Monitor Attendance Changes
Something that BI does really well that MIS systems often don’t is monitor changes to indicators over time without having to separately filter for each time period. That’s the topic of the second half of this post, experienced developers might want to skip forward but first I’m going to go over date tables, why they’re useful and how to make them.
Date Table – what and why
A date table is a table with one row per day used to control other tables that have daily records, so in the case of schools usually attendance and behaviour. There are three big advantages of using a separate date table rather than a slicer directly on the field Attendance[Date].
- It makes it easier to filter groups of dates like academic years and terms
- You can control multiple data areas with a single date slicer
- The slicer will load quicker because it’s fed from a smaller table
- Certain "time intelligence" DAX functions will work better
How you make a date table
You can load your own date table from a data source like your MIS and if it can produce a table that has a row per date along with the academic year and term then that’s optimal.

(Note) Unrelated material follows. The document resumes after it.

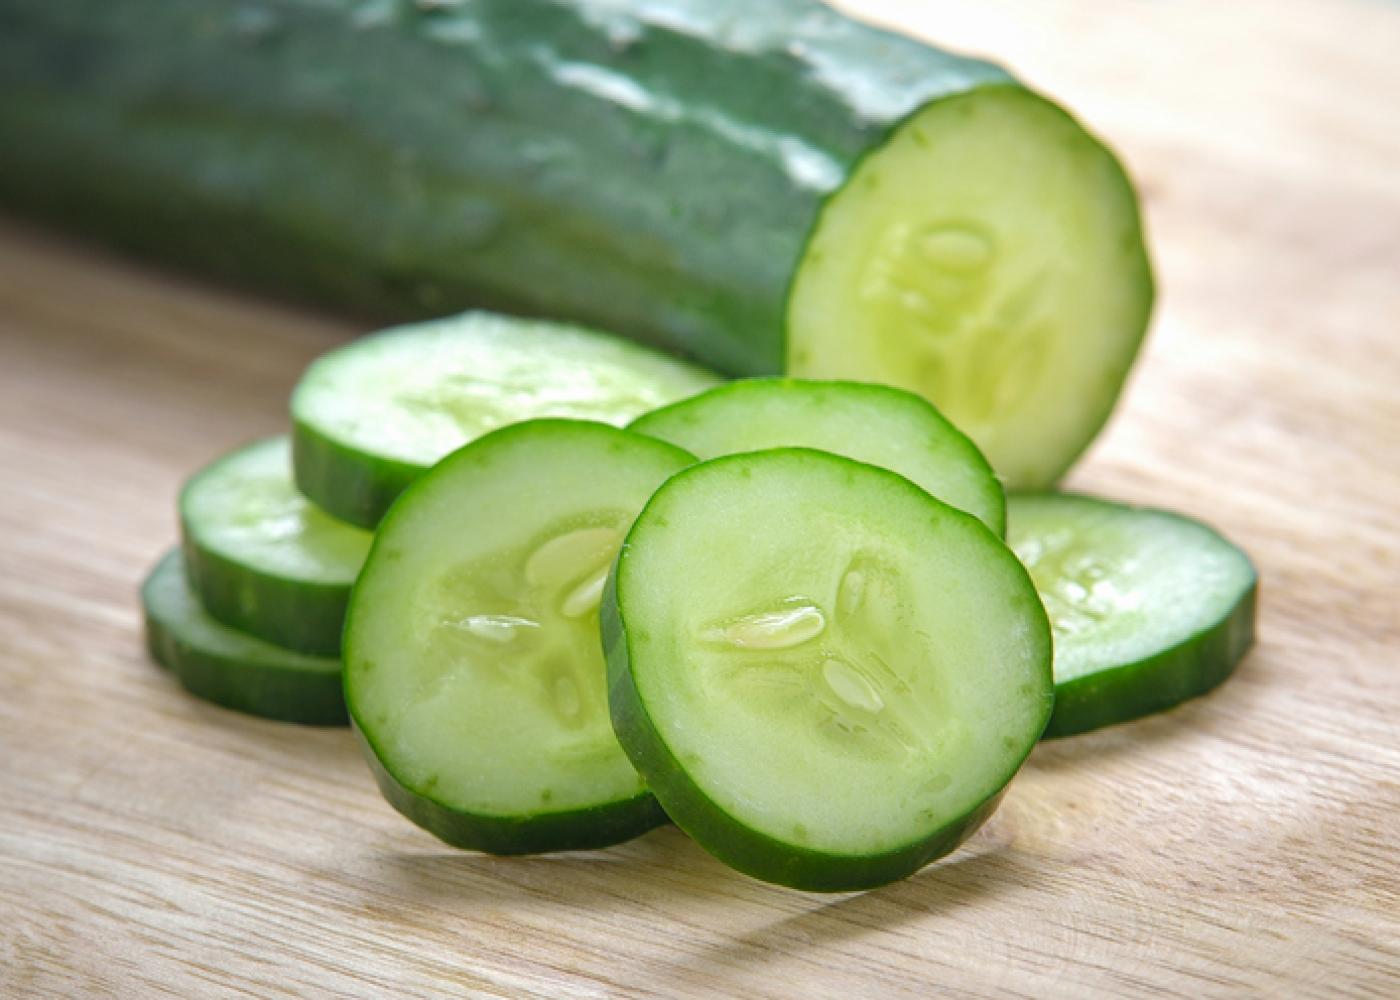 What Are The Health Benefits Of Eating Cucumber At Night?

If not, don’t worry you can make one with DAX. Select New Table from the modelling tab and use the code:
DateTable = CALENDAR("01/09/2019",TODAY())
The start date can be whenever you like (but don’t go back further than you need) and TODAY() means the last row will always be today’s date. If you need to look into the future than you can use TODAY() + a number of days as adding or subtracting integers to dates in DAX changes them by days just like in Excel.
Adding Academic Year
I recommend having two academic year columns, one an integer which allows you to back and forward and the other text in the format 2020-21 which is more intelligible for the user in slicers etc. For the integer column I use the year the academic year ends – so 2020-21 = 2021 but that’s personal preference and it doesn’t matter what you choose as long as it’s consistent.
To create the year columns add a couple of calculated columns to DateTable:
AcYear = VAR M = MONTH(DateTable[Date]) VAR Y = YEAR(DateTable[Date]) RETURN IF(M>8,Y+1,Y) AcYearDisplay = VAR M = MONTH(DateTable[Date]) VAR Y = YEAR(DateTable[Date]) RETURN IF(M>8, Y & "-" & Y-1999, Y-1 & "-" & Y-2000)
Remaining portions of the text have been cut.